Now that we know the specifics from the final rule, we’re figuring out how WebPT can best support our Members through this next phase of required quality data reporting. And you can bet we’re doing everything in our power to make MIPS compliance as easy and straightforward as possible. In fact, we’re still a certified registry, so our Members will still have a convenient registry-based reporting option—just as they did for PQRS. In the meantime, though, Jewell has some suggestions for how practices can prepare themselves:
- Tally up your PTs, OTs, and SLPs so you can figure out your TIN size and potential success threshold.
- If you track your payer mix by therapist, use that data to guesstimate who—if any—of your providers will be required to participate based on Medicare patients served.
- If you’re already familiar with PQRS, then you should feel pretty comfortable with the MIPS quality measures. If you’re not, brush up on them here.
- Visit the Quality Payment Program (QPP) site to read about the improvement activities that were approved in 2018. While there are some proposed changes to these activities for 2019, last year’s activities should still give you a good idea of what might be feasible for your practice.
- Register to attend a complimentary webinar that Jewell and I will host on December 12 to help PTs, OTs, and SLPs unwrap MIPS and the final rule—and prepare for 2019. If you see Medicare patients, you won’t want to miss this session (including the live Q&A).

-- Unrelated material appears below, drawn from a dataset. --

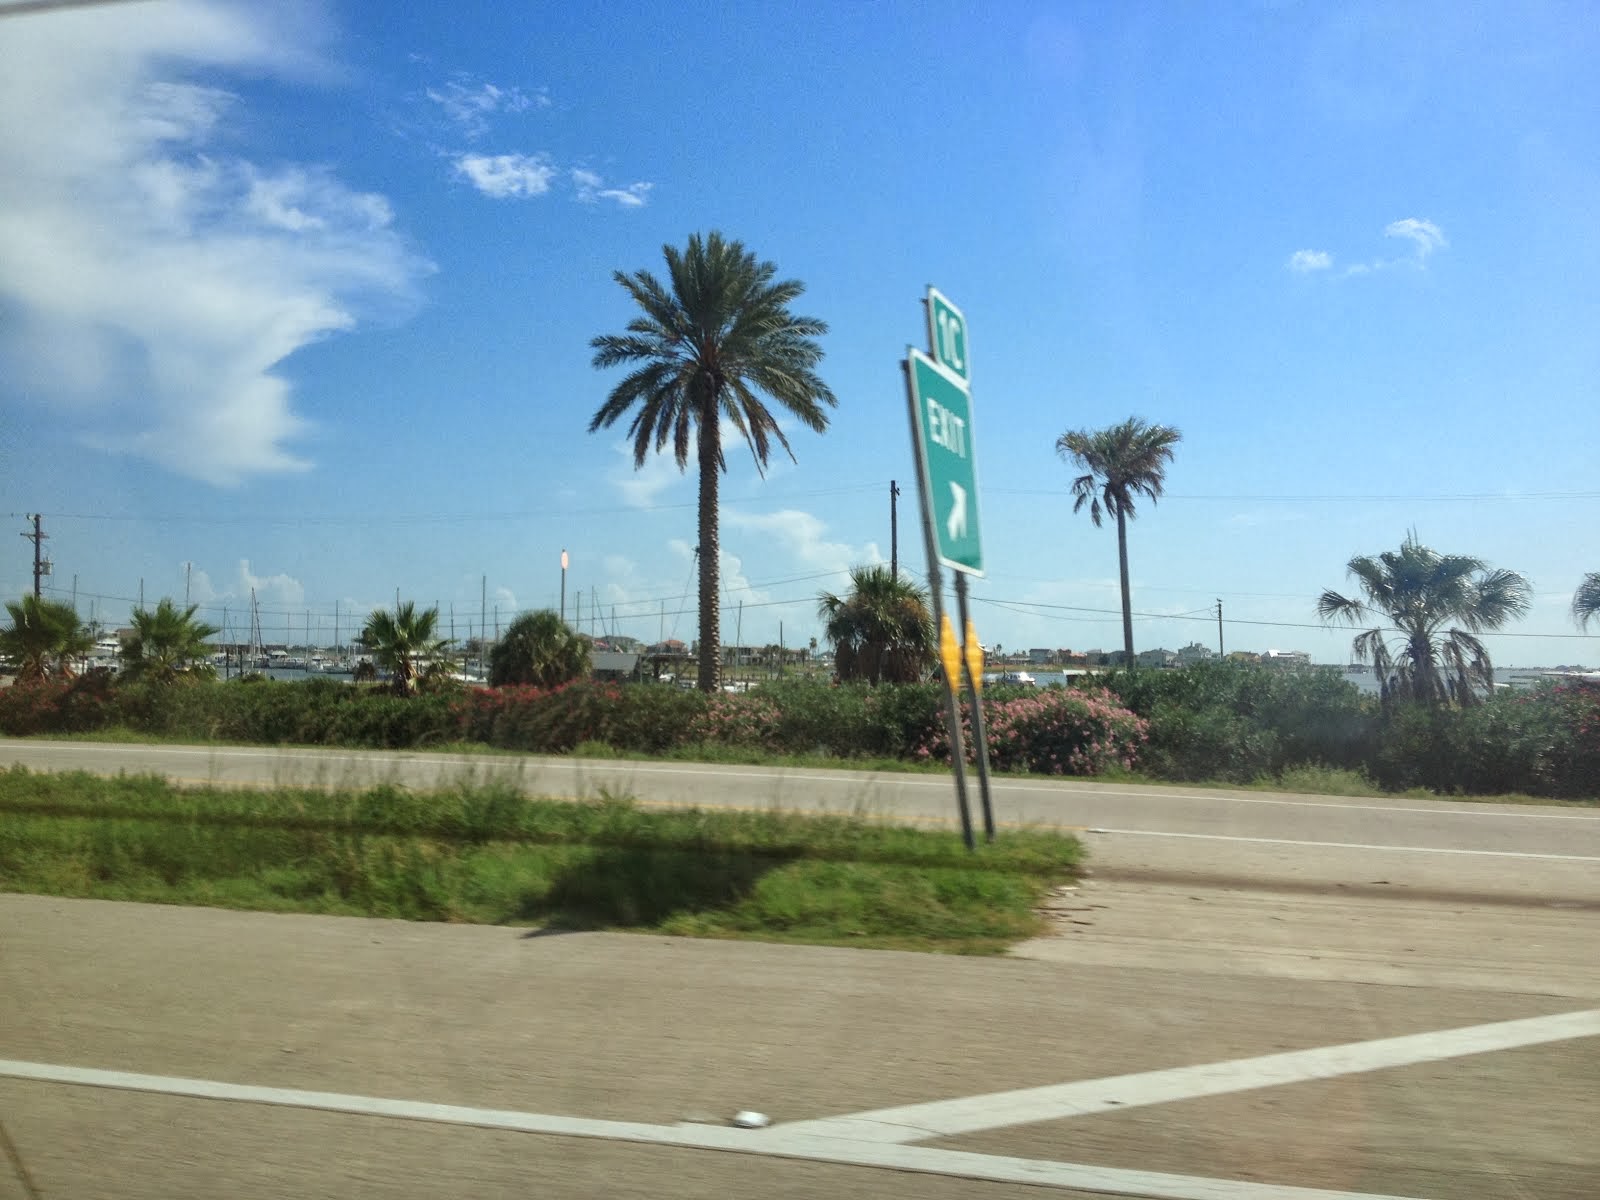 Galveston

Most of you reading this right now won’t be required to participate in MIPS in 2019, which means you have a choice—one that only you can make based on the specifics of your practice and your own best judgement. That said, I encourage all of you to commit to not making that decision out of fear, but instead looking ahead at where we’re heading as an industry and what our goals are for ourselves and our patients.
MIPS is here—and its data will be yet another opportunity for us to demonstrate our value and impact future payment structures. What do you think?